Software
Teachers continue to seek the answer to the central question regarding education: What is the best way to reach students to help them learn? One method gaining acceptance is the system of standards-based grading (SBG). SBG is an educational innovation that focuses on learning and helps increase achievement. It is often combined with updated instructional practices and culture to better engage students and foster a positive environment.
Jesse Olsen, a former educator determined to engage students with active pedagogy, purposeful planning, and authentic learning experiences, began creating custom software tools for his New York City classroom. He then built a team of seasoned teachers and engineers to create a gradebook steeped in authentic assessment principles. Along with co-founder Justin Meyer, Olsen founded JumpRope, which helps school districts across the country transform their teacher practice and is now the premier partner for successful standards-based grading implementation.
JumpRope provides software that tailors teacher practice to the way students learn. The team’s background as educators combined with a strong track record of successful implementations is helping JumpRope facilitate a paradigm shift that empowers students, teachers, and entire school districts.
“Our product is about getting teachers to be really explicit about their students learning goals,” said Meyer, JumpRope’s Chief Executive Officer. “Our software helps teachers evaluate student work and enables them to provide feedback to students through standards-based grading.”
One of the critical components to the successful use of JumpRope’s software is ingesting large amounts of data. To streamline the data import process, JumpRope engaged Flatfile and implemented Flatfile’s data onboarding platform, its data import tool.
“Schools typically have too few people with too little training in charge of too many databases,” said Olsen, also the company’s Chief Technology Officer. “We store millions of rows of data involving scores, student information, assessments, standards, and emails. We operate with 68 different data types. Schools might have anywhere between 10 and 4,000 standards that need to be tracked. Getting this data from the school into our software can be a challenge.”

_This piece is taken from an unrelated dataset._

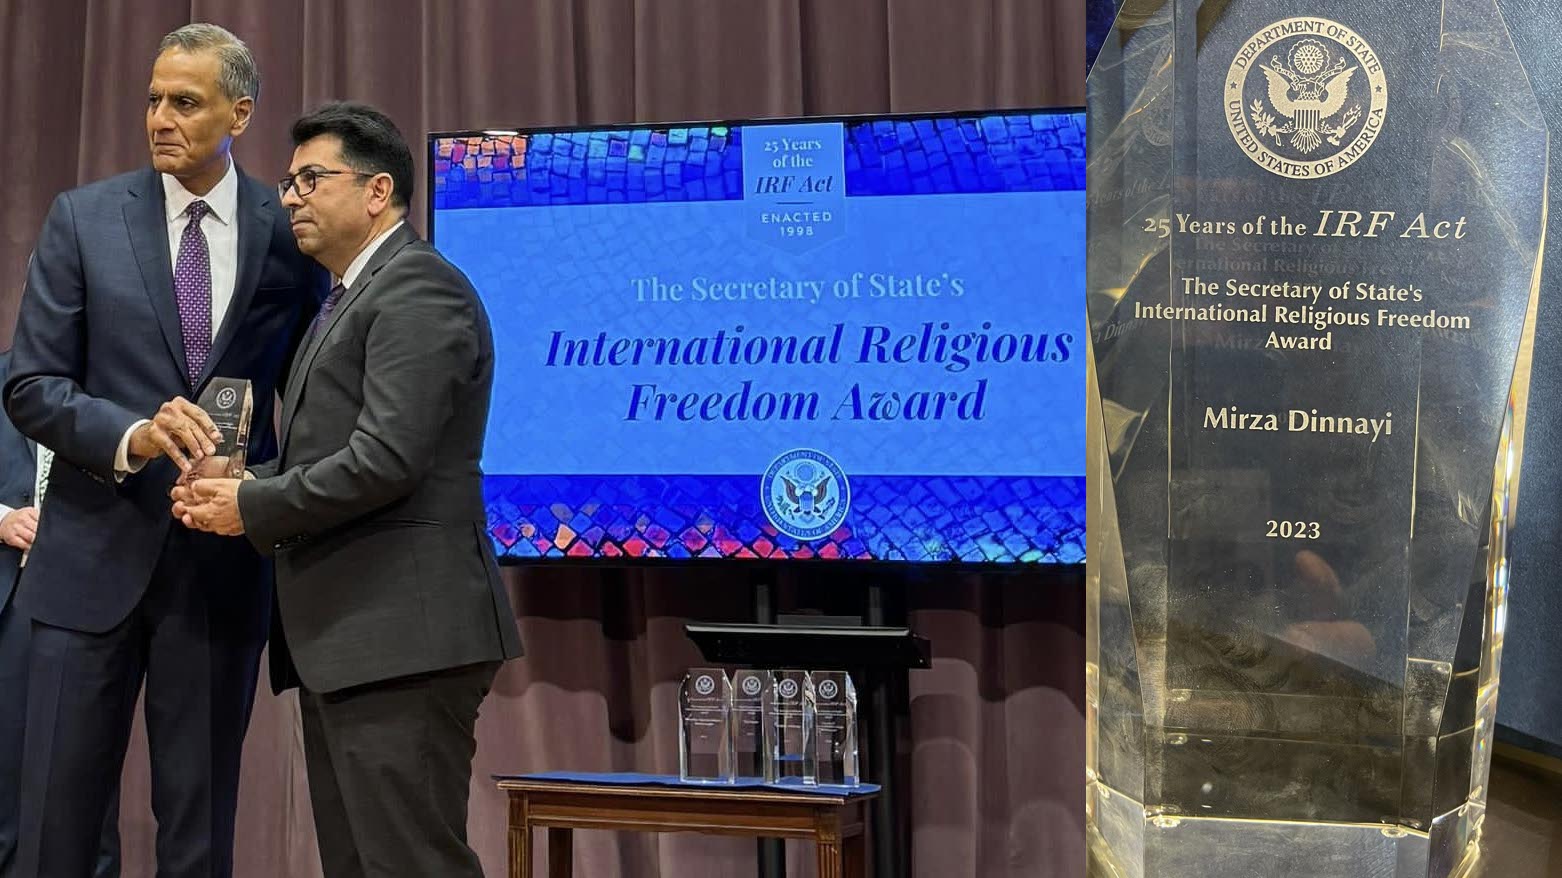 Mirza Dinnayi, a Yezidi human rights defender was awarded a religious freedom award by the US Government (Photo: Mirza Dinnayi/X).

JumpRope employs a significant data onboarding process involving a Google Sheets template that schools must fill out manually. The data is then imported from Google Sheets into JumpRope. The problem became validating the mapping of the data to ensure it had been imported properly.
Olsen began the process of building a data importer but quickly decided against it.
“We built a basic importer but it wasn’t handling the validation process very well,” he said. “We considered rebuilding it but decided that the mapping of fields and validation of CSVs was not in our wheelhouse, so we chose to outsource it.
“We scoured the internet looking desperately for a solution so we wouldn’t have to build it ourselves,” said Meyer. “Fortunately we found that solution in Flatfile.”
“The greatest value of Flatfile is that we don’t have to think about text and coding and parsing the hundred different formats in which people might have saved their semi-structured data,” said Olsen. “Plus the Flatfile interface allows a customer to do some amount of cleaning, error checking, and error correction when they export their data.”
Olsen feels Flatfile fits in with JumpRope’s move to help make customers more self-sufficient.
“That’s the direction we’re going in as a company,” he said. “We used to do a lot of handholding and as we mature and grow, we have to provide tools to do less of that. Flatfile is helping us make that shift.”
The time savings for JumpRope as a result of using the Flatfile data importer has been significant.
“I would say the time we save has been substantial based on the ability of Flatfile’s data onboarding platform to quickly identify rows that are not importable or have errors,” said Hayley Tanler, Head of Customer Success at JumpRope. “Being able to detect and fix errors without having to wait for the entire import to run is ten times faster than it used to be. It could add up to hundreds of hours saved.”
The use of the Flatfile data importer has also expanded the range of data types JumpRope is able to import.
“We can now import all types of data,” said Meyer. “In the past when a customer asked us to import a different format we would have to say no. But with Flatfile, the development time to accommodate a new import is so much less we can say yes more often. It really increases the breadth of file types we can import.”
“Flatfile allows our users to be more self-sufficient by giving them the information they need to correct data mistakes,” said Tanler. “It helps them look at their data in a way they can understand and better work with.”
In addition to self-sufficiency for their users, having JumpRope’s customers interact more with their data files results in more long term benefits for the company.